Most previous studies looked at two extreme scenarios:

1. Completely Immiscible: The two fluids hate each other and never mix (like oil and water).
2. Completely Miscible: The two fluids mix perfectly like sugar in tea.

This paper looked at the middle ground: Partially Miscible Flow. This is when the fluids do mix a little bit. Imagine pouring a little bit of alcohol into water; they mix, but not instantly or perfectly everywhere. The paper specifically studied what happens when a gas (like CO2) is injected to push out a liquid (like oil), and a small amount of the gas dissolves into the liquid as they meet.

The Main Discovery: Mixing is a Stabilizer

The researchers found that this "partial mixing" acts like a stabilizer.
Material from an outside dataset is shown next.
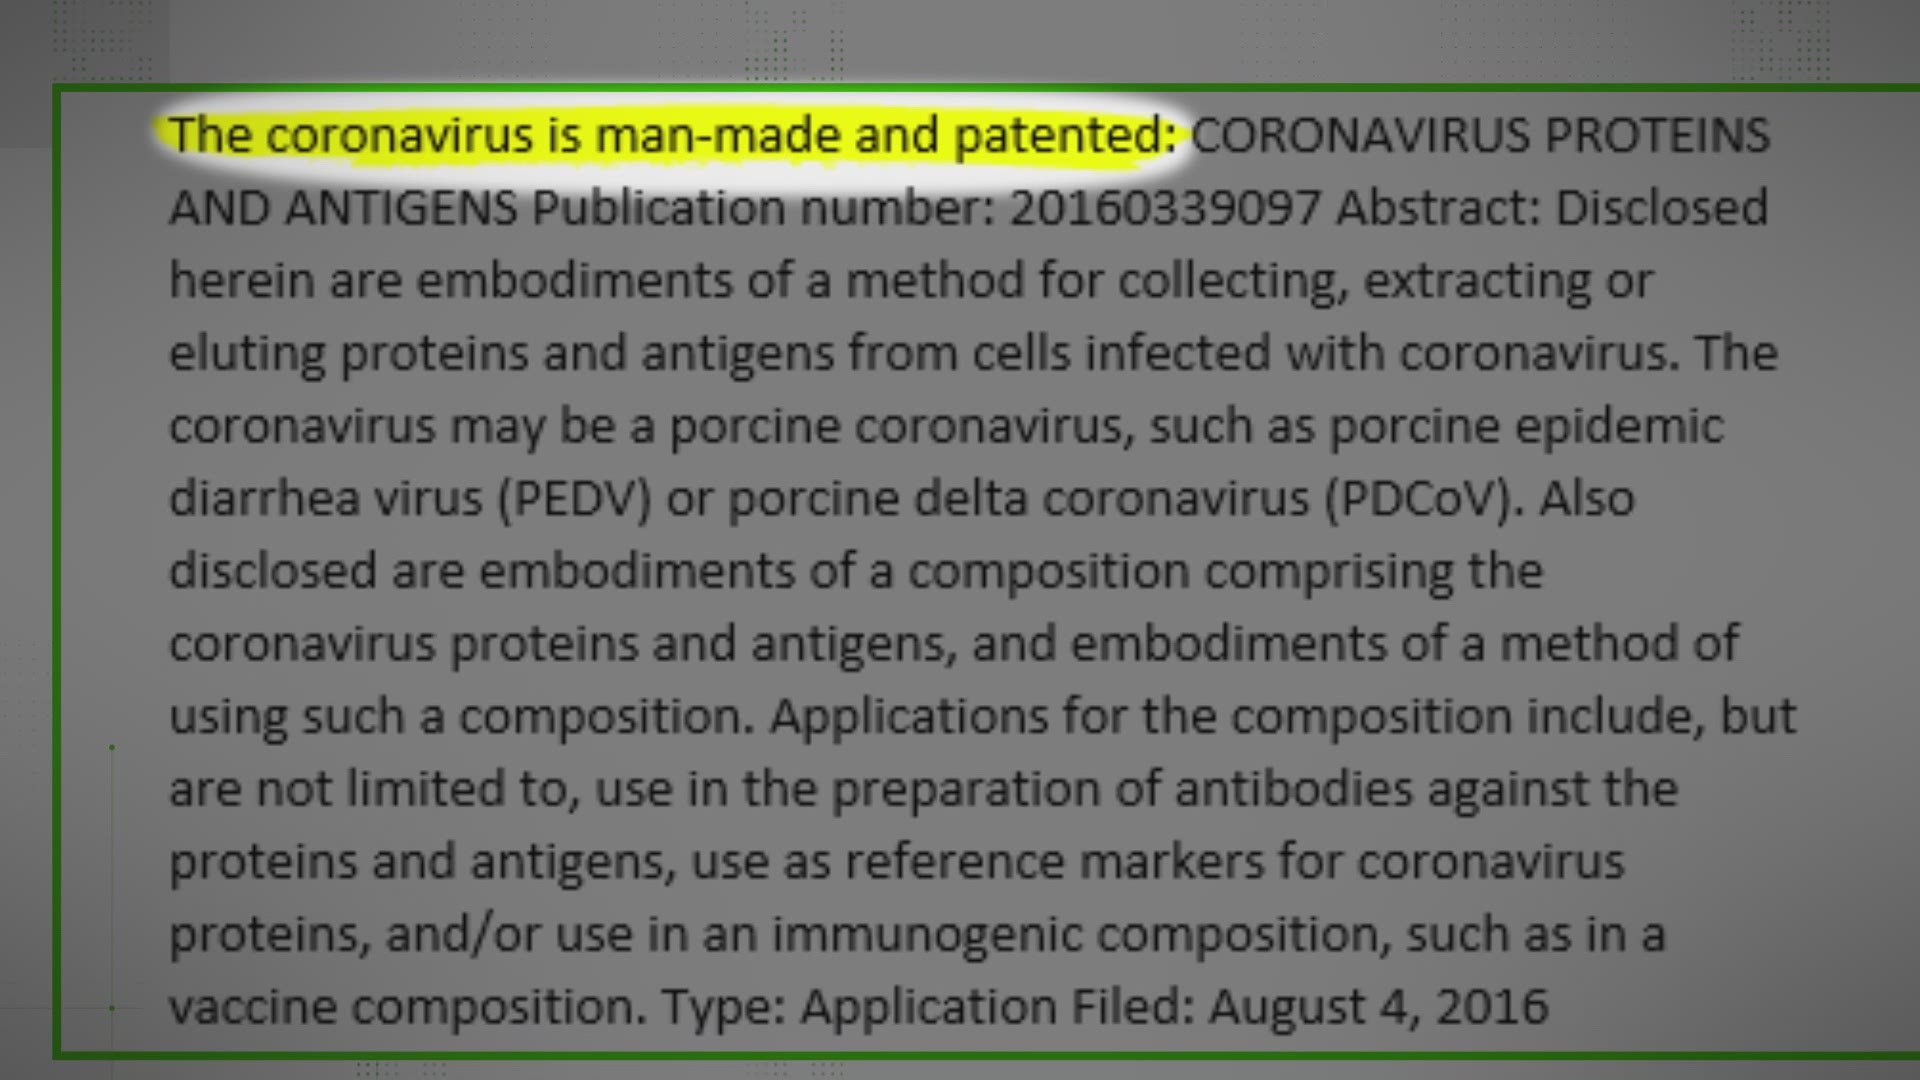 A bit of confusion around the names of certain coronaviruses has led to larger claims that governments have known about this virus for years.

• The Analogy: Think of the "fingers" as a race car trying to speed past a slower car. If the race car (the gas) is super thin and the other car (the oil) is super thick, the race car shoots past easily, creating chaos (fingers).
• The Effect of Mixing: When the gas mixes slightly with the oil, it changes the oil's properties. It makes the oil less thick (less viscous) right at the boundary where they meet.
• The Result: Because the oil isn't as thick anymore, the gas can't shoot through it as easily. The "fingers" become shorter and less chaotic. The paper concludes that mass transfer (mixing) generally calms down the instability.

The "Jump" in the Math

The math behind this was tricky. Usually, when fluids mix, the change is smooth. But in this specific scenario, the researchers found a "cliff" in the math.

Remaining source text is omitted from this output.